Universal data quality issues, such as missing data, duplicate records, inconsistent formats, inaccuracies, outliers, poor completeness, redundancy, and lack of data integrity, can significantly impact the reliability of data-driven decisions and processes. It encompasses manual data entry incidents, data integration issues, and even erudition, making the problem of harassment of correct and consistent databases.

Data profiling is a powerful technique for tackling such problems. It assists in locating and rectifying these inaccurate, contradictory, and unattainable data points at an early stage in the life of the data. It entails the examination of data histories/output, searching for the presence of data outliers, grasping what values were held in view, and uncovering concealed associations among different components of data. This helps in achieving some level of data cleansing and standardization, closing performance gaps due to fragmentation of data across systems, and adherence to data governance standards within the organization.

Executing the Script

In the previous tip, the provided script stores the result in a temporary table called ##Statistics. In this tutorial, since we aimed to visualize the data using Power BI, we edited the script and stored the output within a table called dbo.ProfilingResult.

An Important Note

I received several comments on the profiling script that mentioned it throws several data type errors and warnings. This occurs when columns with unmeasurable types exist (i.e. varbinary).

errors and warnings

It is ok to ignore those errors and check the results tab.

Check Results tab

Connecting to the Data Source

Now, let's open Power BI Desktop and create a new blank report.

Power BI desktop

In the top menu bar, in the "Data group", click SQL Server.

Power BI desktop

The SQL Server connection configuration dialog will appear. Fill in the Server and Database names. (In our tutorial, the database name is "StackOverflow2010".) Keep the Data Connectivity mode to "Import", expand the Advanced Options, and use the following code to fill in the SQL statement before clicking OK:

SELECT DISTINCT [table_schema]
      ,[table_name]
      ,[table_row_count]
      ,[table_total_space_KB]
      ,[table_index_space_KB]
      ,[table_used_space_KB]
      ,[table_unused_space_KB]
      ,[table_space_warning]
      ,[table_indexes_count]
      ,[table_has_primary]
      ,[table_has_clustered_index]
      ,[table_partitions_count]
FROM [StackOverflow2010].[dbo].[ProfilingResult]
SQL Server connectivity

Next, in the Data Preview dialog, check the "Load" button. Now, the first table data is imported to the Power BI Desktop project file.
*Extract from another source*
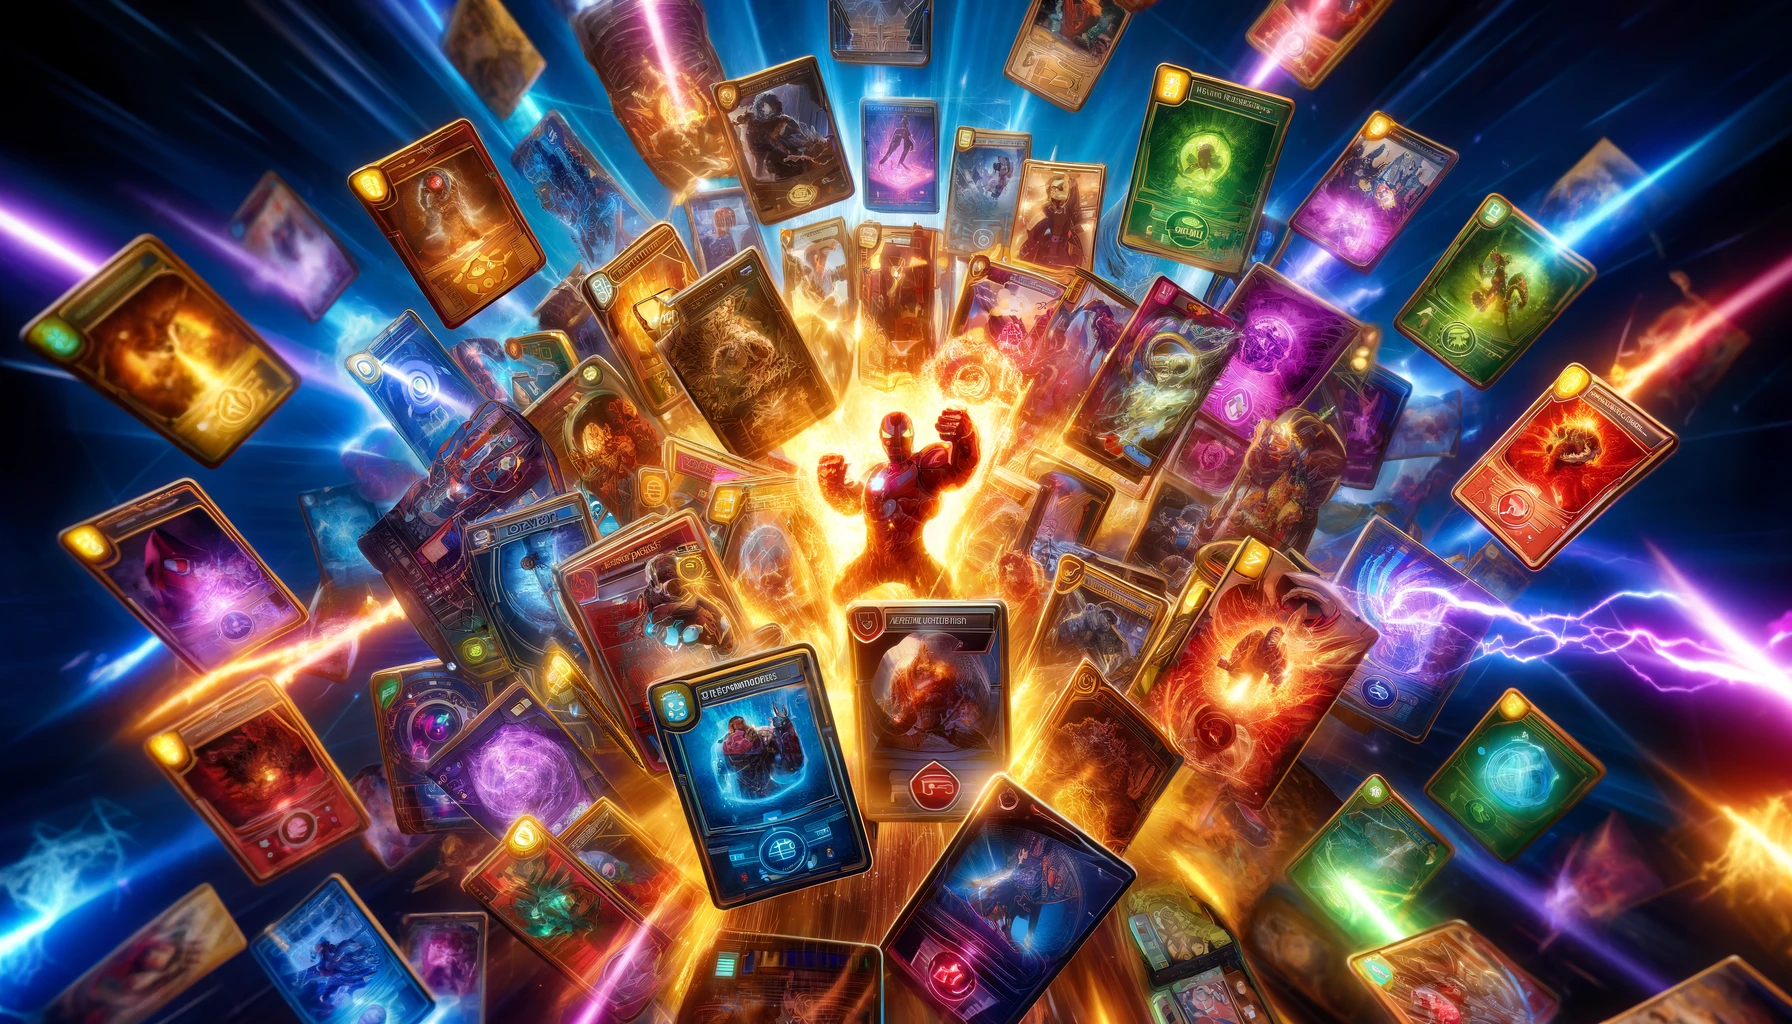 A wide-format image showing Marvel Snap's Card Caches and Reserves. Marvel cards glow with energy as they emerge from treasure-like caches, representing superheroes and villains. Indicators highlight random rewards like rare cards, credits, and resources, illustrating excitement and unpredictability.

Now, go to the Data Model View, click on the "Query1" table and change the name to "Tables", as shown below.

Data Model View

Repeat the previous steps with the following query:

SELECT [table_schema]
    ,[table_name]
    ,[column_name]
    ,[is_nullable]
    ,[data_type]
    ,[default_value]
    ,[max_length]
    ,[max_length_reality]
    ,[null_values]
    ,[empty_strings_count]
    ,[values_count]
    ,[min_value]
    ,[max_value]
    ,[avg_value]
    ,[stdev_value]
    ,[median_value]
    ,[date_before_1902]
    ,[date_after_current]
    ,[date_type_warning]
    ,[time_type_warning]
    ,[length_warning]
    ,[column_is_primary]
    ,[column_has_constraints]
    ,[column_is_foreign]
    ,[column_is_indexed]
    ,[column_is_identity]
    ,[column_is_partitioned]
    ,[table_row_count]
FROM [StackOverflow2010].[dbo].[ProfilingResult]

And change the imported table name to "Columns".

After importing the "Columns" table, we will notice that the Power BI data model automatically created a one-to-many relationship using the "table_name" column that exists in both tables. Since only the "dbo" schema exists in the StackOverflow2010 database, we can keep this relationship. Otherwise, we need to create a computed column that concatenates the schema and table names and use it to create the relationship to avoid redundancy.

one-to-many relationship

In the data model view, let's add two new columns to "Tables" with the following formulas:

ClusteredIndexWarning = IF([table_has_clustered_index] = FALSE, 1, 0)
PrimaryKeyWarning = IF([table_has_primary] = FALSE, 1, 0)
PhysicalSpaceWarning = IF([PhysicalSpaceWarning] = True, 1, 0)

Moreover, we need to add the following columns to the "Columns" table:

NullValuesCount = [empty_strings_count] + [null_values]
DateTypeWarning = IF([date_type_warning] = TRUE, 1, 0)
TimeTypeWarning = IF([time_type_warning] = TRUE, 1, 0)
LengthWarning = IF([length_warning] = TRUE, 1, 0)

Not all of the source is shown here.